** Raw data **
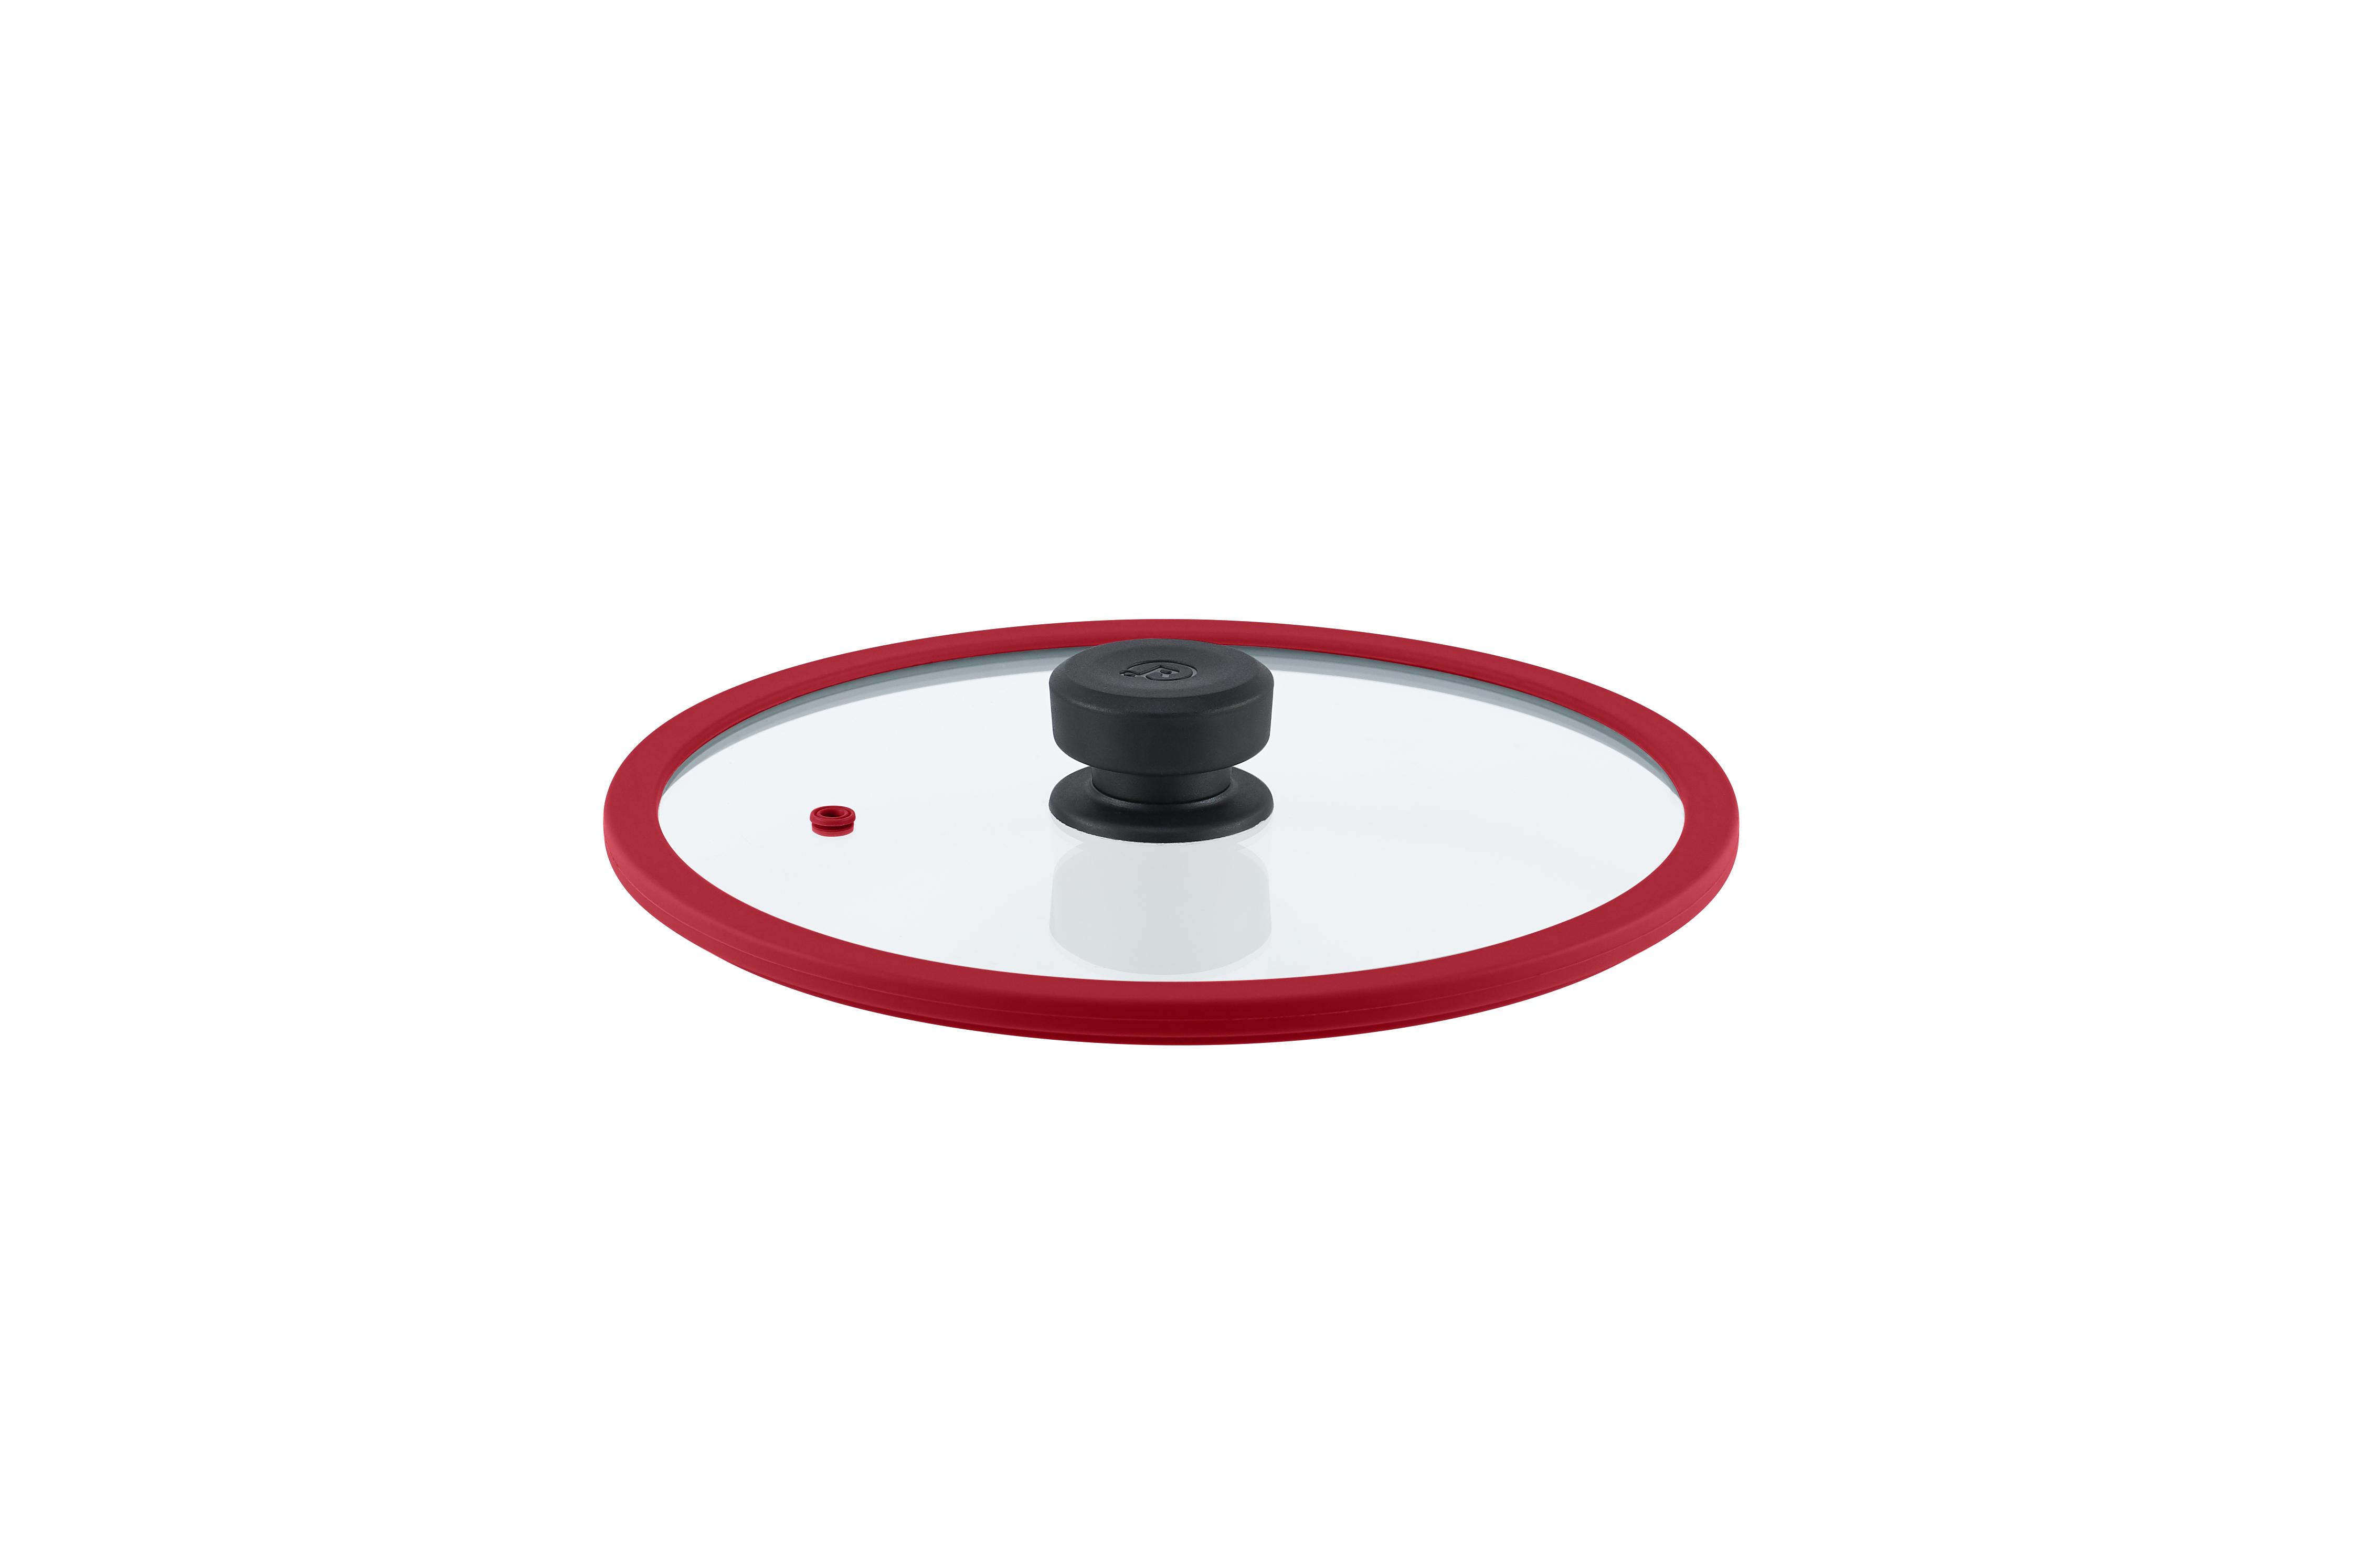 Levně Remoska Vega Skleněná poklice o průměru 28 cm Barva: Červená
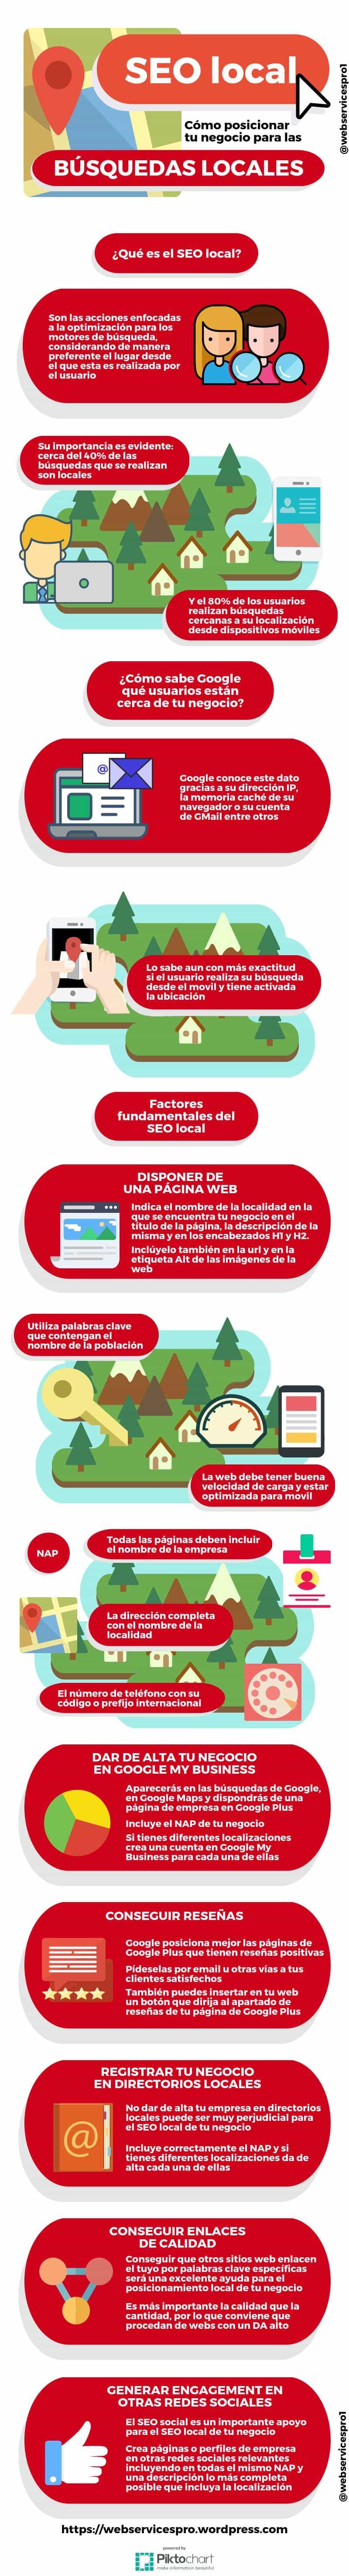 SEO local: cómo posicionar tu negocio para las búsquedas locales
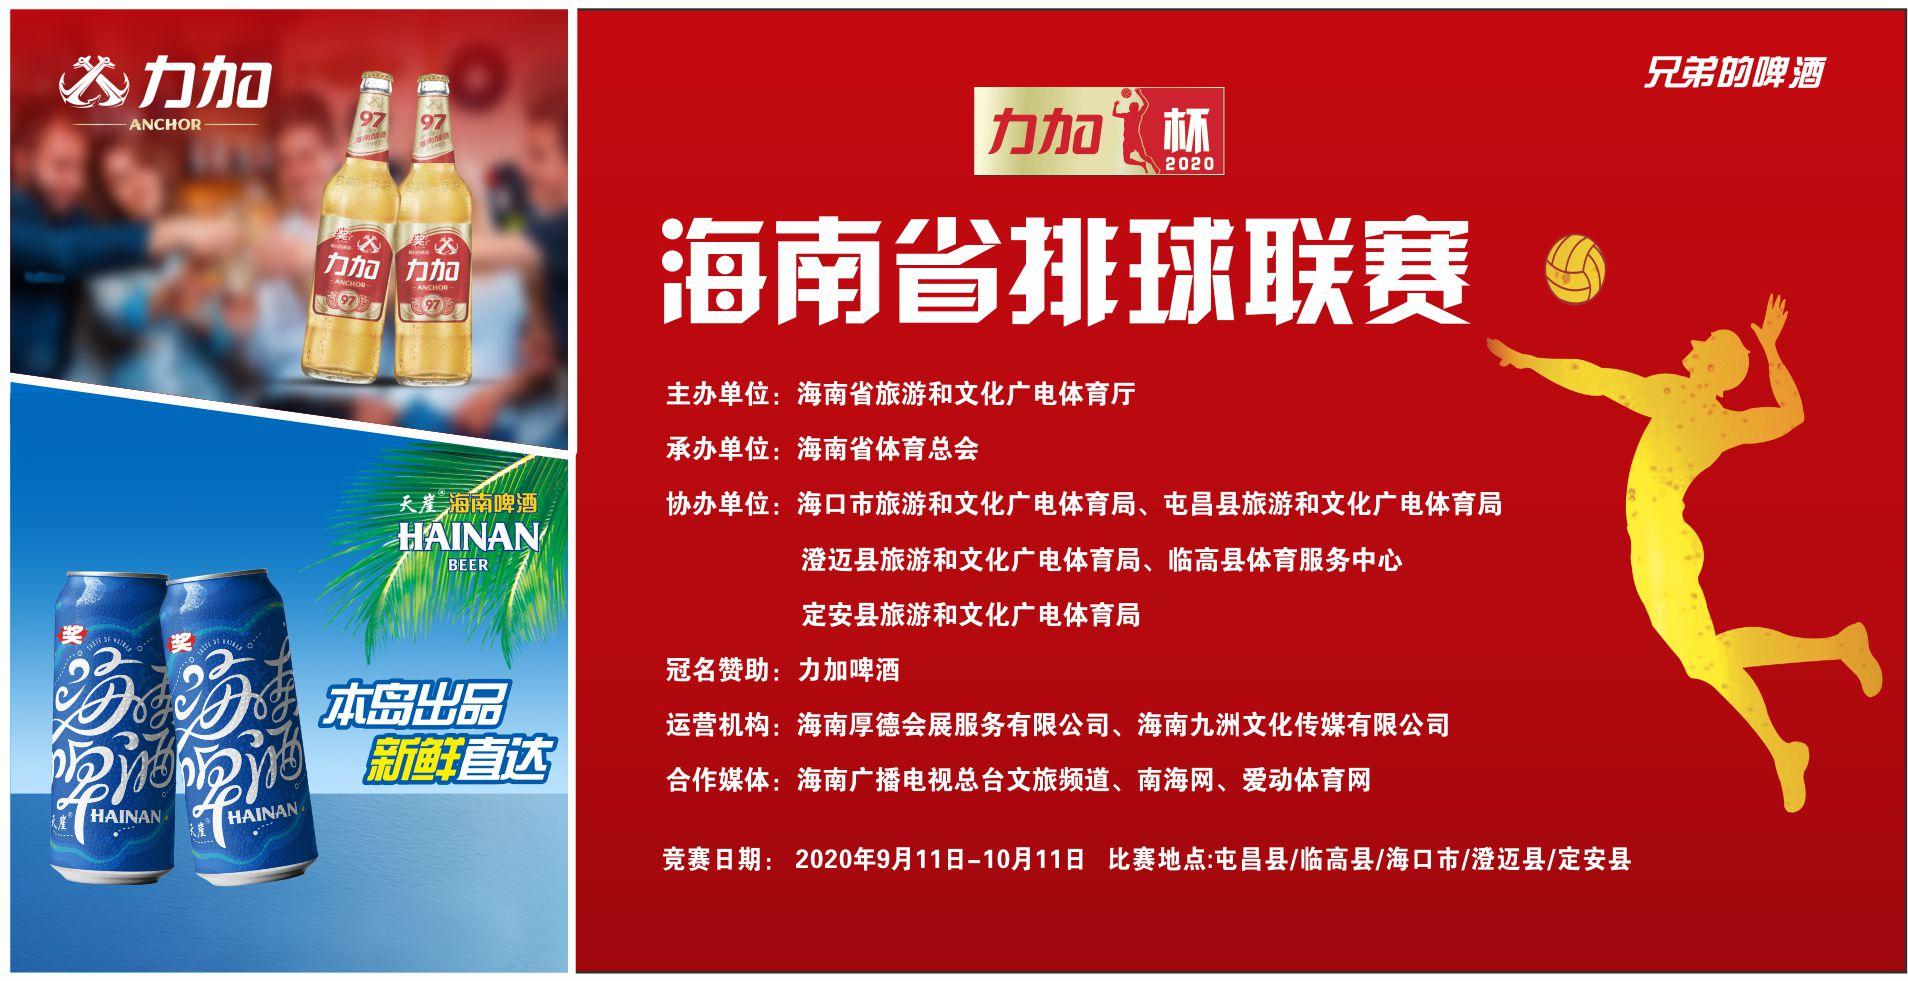 """【回放】2020""""力加杯""""海南省排球联赛 9月11日开幕式暨揭幕战"""

** How to complete this task **
Retype the listing above exactly, pictures excluded.

** Reply **
 Levně Remoska Vega Skleněná poklice o průměru 28 cm Barva: Červená
 SEO local: cómo posicionar tu negocio para las búsquedas locales
 """【回放】2020""""力加杯""""海南省排球联赛 9月11日开幕式暨揭幕战"""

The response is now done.